Pflegeneuordnungsgesetz

Pflegereform: Notwendige Maßnahmen, aber Lasten ausgewogener verteilen

Am 9. Juni 2026 findet die Fachanhörung zum Pflegeneuordnungsgesetz (PNOG) im Bundesministerium für Gesundheit statt. Dazu erläutert Ulrike Elsner, Vorstandsvorsitzende des Verbandes der Ersatzkassen e. V. (vdek):

„Die soziale Pflegeversicherung (SPV) hat ein großes Defizit. Allein in diesem Jahr fehlt mindestens eine Milliarde Euro inklusive der Darlehen des Bundes. Für das kommende Jahr fehlen nach jetzigem Stand schon 7,6 Milliarden Euro und im Jahr 2028 sogar 15,4 Milliarden Euro. Mit dem PNOG nimmt Gesundheitsministerin Nina Warken eine unausweichliche Kurskorrektur vor, um die Pflegeversicherung zukunftsfest zu machen. Es ist richtig, Versicherte mit erheblichem Pflegebedarf und die Prävention in den Fokus zu nehmen. Doch der Gesetzentwurf ist aktuell noch unausgewogen, da der Bund komplett außen vor bleibt. Die Folgen sind hohe Belastungen für Pflegebedürftige und Beitragszahlende – vor allem durch die geplante zeitliche Streckung der Zuschüsse für Pflegeheimbewohnende und den Anstieg der Beitragsbemessungsgrenze. Hier muss dringend nachgesteuert werden.

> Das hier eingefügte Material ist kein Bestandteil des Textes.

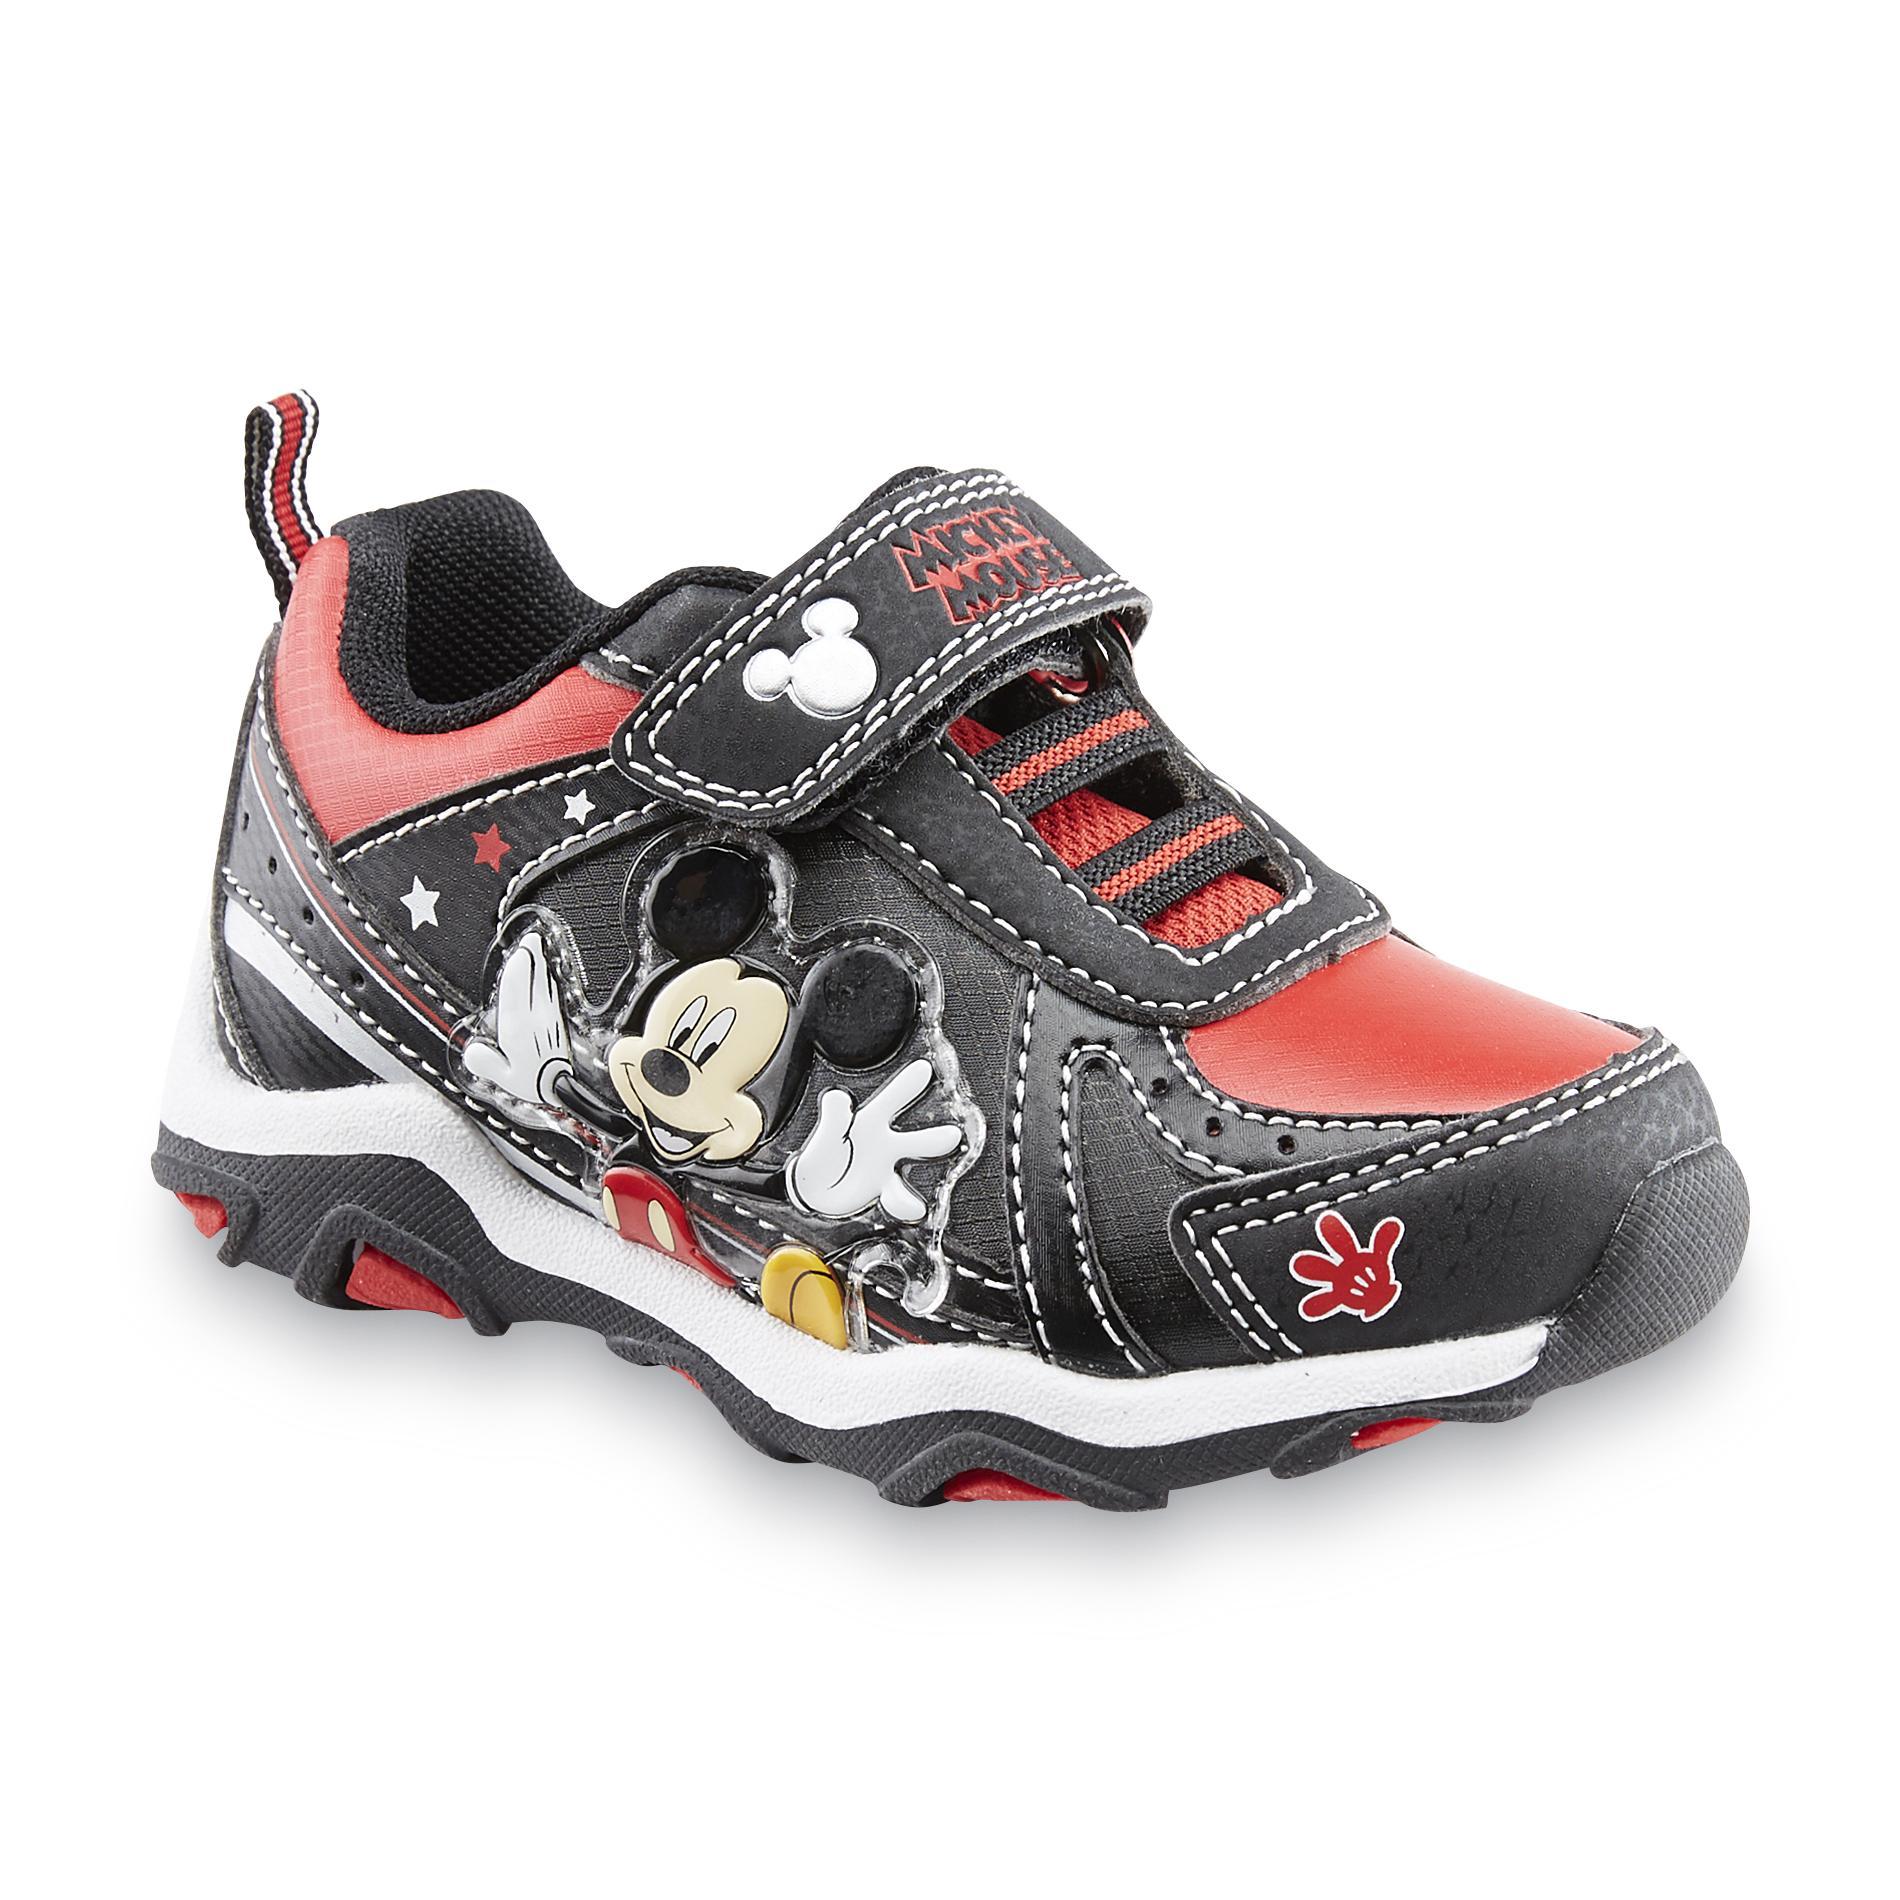 Disney Toddler Boys Mickey Mouse BlackRed Sneaker

Kürzung der Rentenbeiträge für pflegende Angehörige zurücknehmen

Es ist ein völlig falsches Signal, wenn die gesellschaftlich so wichtige Pflege durch An- und Zugehörige durch die Senkung ihrer Rentenversicherungsbeiträge unattraktiver gestaltet werden soll. Diese Maßnahme trifft in erheblichem Maße Frauen, die ohnehin wegen der Kindererziehung oft geringere Rentenversicherungszeiten aufweisen.

Zudem muss der Staat die Beiträge der Renten- und Arbeitslosenversicherung für pflegende Angehörige ausgleichen, die die SPV auftragsweise für den Staat übernimmt. Das sind sechs bis sieben Milliarden Euro jährlich für 2027 bis 2030. Zudem muss der Staat endlich seine Coronaschulden in Höhe von 5,2 Milliarden Euro begleichen.

Unverständlich ist auch, warum die private Pflegeversicherung mit Versicherten mit einem strukturell geringeren Pflegerisiko, niedrigeren Beiträgen und hohen Rücklagen außen vor bleibt. Aus Sicht der Ersatzkassen wäre es sinnvoll, hier einen Solidarausgleich einzuführen. Das würde die SPV um weitere zwei Milliarden Euro jährlich entlasten.

Gut: Dynamisierung der Leistungsbeträge

Gut ist, dass mit der geplanten Dynamisierung der Leistungsbeträge eine langjährige Forderung der Ersatzkassen umgesetzt werden soll. Diese Entlastungsmaßnahme für Pflegebedürfte soll 2028 regelhaft auf Basis der Inflationsrate erfolgen. Dass die Schwellenwerte zur Feststellung des Pflegegrades grundsätzlich angepasst und Pflegegrade häufiger befristet werden sollen, halten wir für sachgerecht und entspricht dem Ziel, Pflegeleistungen passgenau an den Bedarfen auszurichten.

Zu den richtigen Vorhaben des Gesetzes zählen auch die Überführung verschiedener Leistungen in neue ambulante Sach- und Entlastungsbudgets, die zu einer besseren Zielgenauigkeit und mehr Entscheidungsfreiheit der Pflegebedürftigen führen. Ebenso unterstützen wir die Einführung eines verpflichtenden Pflege-Cockpits als Online-Plattform für Versicherte und die mit dem Digitalpakt Pflege beabsichtigte Digitalisierungsoffensive.”